Нужный Рогинкесу разговор удалось завести только за семейным ужином.
- Пап, а почему ты меня никогда не порешь? - промолвил он, собравшись с духом.
Анклинар чуть не подавился от этого вопроса и, прокашлявшись, удивленно произнес:
- А что, надо было?
- Ну, я же далеко не всегда послушно себя веду и вообще...
- Давно пора, - поддакнула старшая сестрица Авличене.
Мать на нее прицыкнула и вопросительно уставилась на младшего отпрыска. Тот под этим взглядом потупился, но все же пробормотал:
- Ну, в общем, надо...
- Зачем? - поинтересовался Анклинар.
- Пап, мам, ну, вы же знаете, что мы с ребятами во всякие исторические эпохи играем?
- Знаем, конечно, твоя компания так галдит, когда у тебя собирается, что по всей квартире слышно, - промолвила Тереди. - Только причем тут порка?
- Потому что мы теперь сюжеты из земной истории разыгрываем, - пояснил Рогинкес, - и решили поиграть в спартанских мальчиков. Ну, как их в древности воспитывали.
- И?..
- И оказалось, что воспитывали их почти так же, как наших гвардов, - выдохнул Рогинкес. - Помнишь, как нам в гости один их парень приходил? Шармах его зовут.
- Помню, конечно. Это он вам такую идею подал?
- Нет, мы и до него хотели. Канбюк в университет на лекции ходит к одному землянину, там он о Спарте и узнал и нам все пересказал. А Шармаха мы пригласили, ну, в качестве эксперта.
Родители дружно засмеялись. Затем Тереди, справившись со смехом, все же поинтересовалась:
- Так это еще месяц назад было. Почему ты только сейчас этот разговор завел?
- Ну, сперва он нас обучал всяким борцовским приемам и как надо правильно драться на кулаках.
- То-то у тебя столько синяков появляться стало, - подколола сестра.
- Да пустяки это, а не синяки, - отмахнулся Рогинкес, - к тому же это только вначале было, а сейчас я уже не хуже него дерусь! Потом мы еще копья учились метать в цель, из луков стреляли, плавали в Канке наперегонки. Видишь, какие у меня теперь мыщцы?
- Выросли, да, - согласился Анклинар. - И что, вам теперь мало стало этих занятий?
- Ну, не то чтобы мало, но это ведь, пап, было не совсем аутентично. Тех, исторических пацанов на самом деле ведь розгами секли за любые провинности.

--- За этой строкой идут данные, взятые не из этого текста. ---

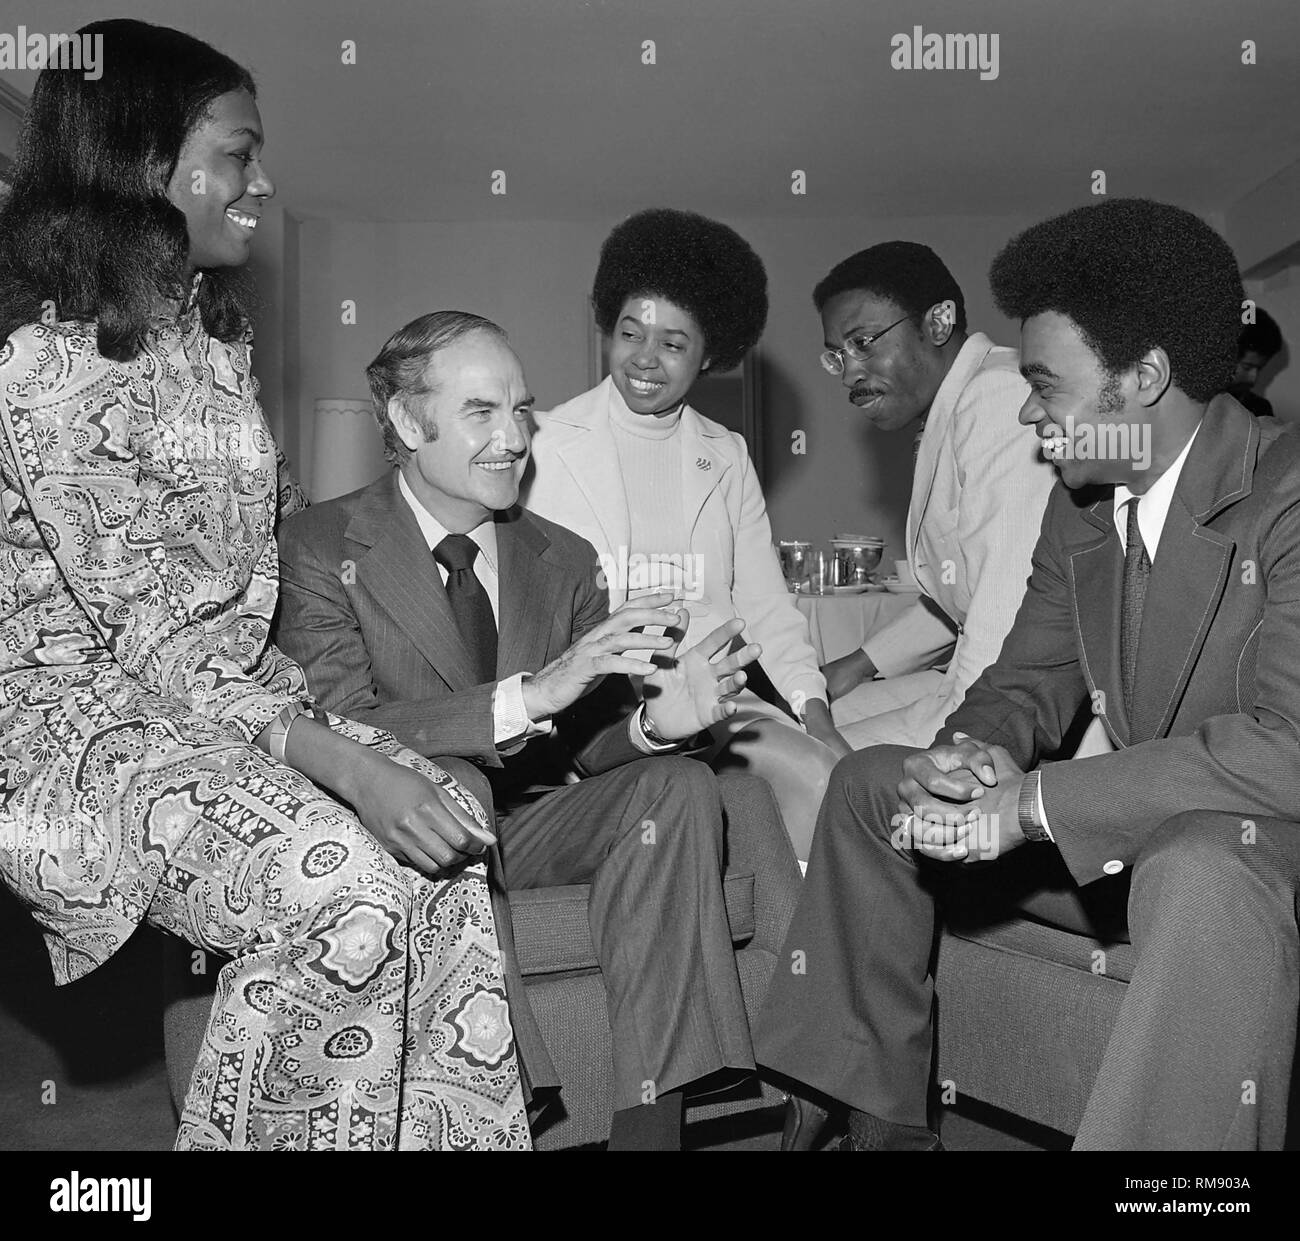 Präsidentschaftskandidat George McGovern trifft sich mit einer Gruppe von afrikanischen amerikanischen Wähler, bevor ein Benefizkonzert im April 15, 1972 Auf dem Forum in Los Angeles mit James Taylor Carole King, Barbra Streisand und Quincy Jones. Stockfoto

А из нас так только одного Шармаха и наказывают. Его отец регулярно дерет, а он потом перед нами рубцами хвастается и говорит, что нам такого нипочем не выдержать. Обидно же, пап! Он, что ли, из другого теста сделан?
- Из такого же, - ответил Анклинар, - но вот традиции воспитания в их среде совсем другие. Ты-то и слова неплохо понимаешь.
- А он, думаешь, нет? На дурака какого он совсем не похож.
- Но ведь не потому его дерут, что его отцу это нравится? Наверняка за какие-то конкретные провинности. А тебя за что драть? Ты не вор, не хам, не хулиган, законов не нарушаешь. Рискуешь иногда слишком, это да. Но ведь тех же спартанских мальчиков не за это же розгами потчевали?
- Не за это... А надо стать обязательно плохим, чтобы ты меня высек?
- Роги, если я вдруг увижу, что ты сознательно нарушаешь установленный порядок и никакие слова на тебя не действуют, то да, я это сделаю. Но не потому, что тебе с какой-то стати захотелось себя испытать.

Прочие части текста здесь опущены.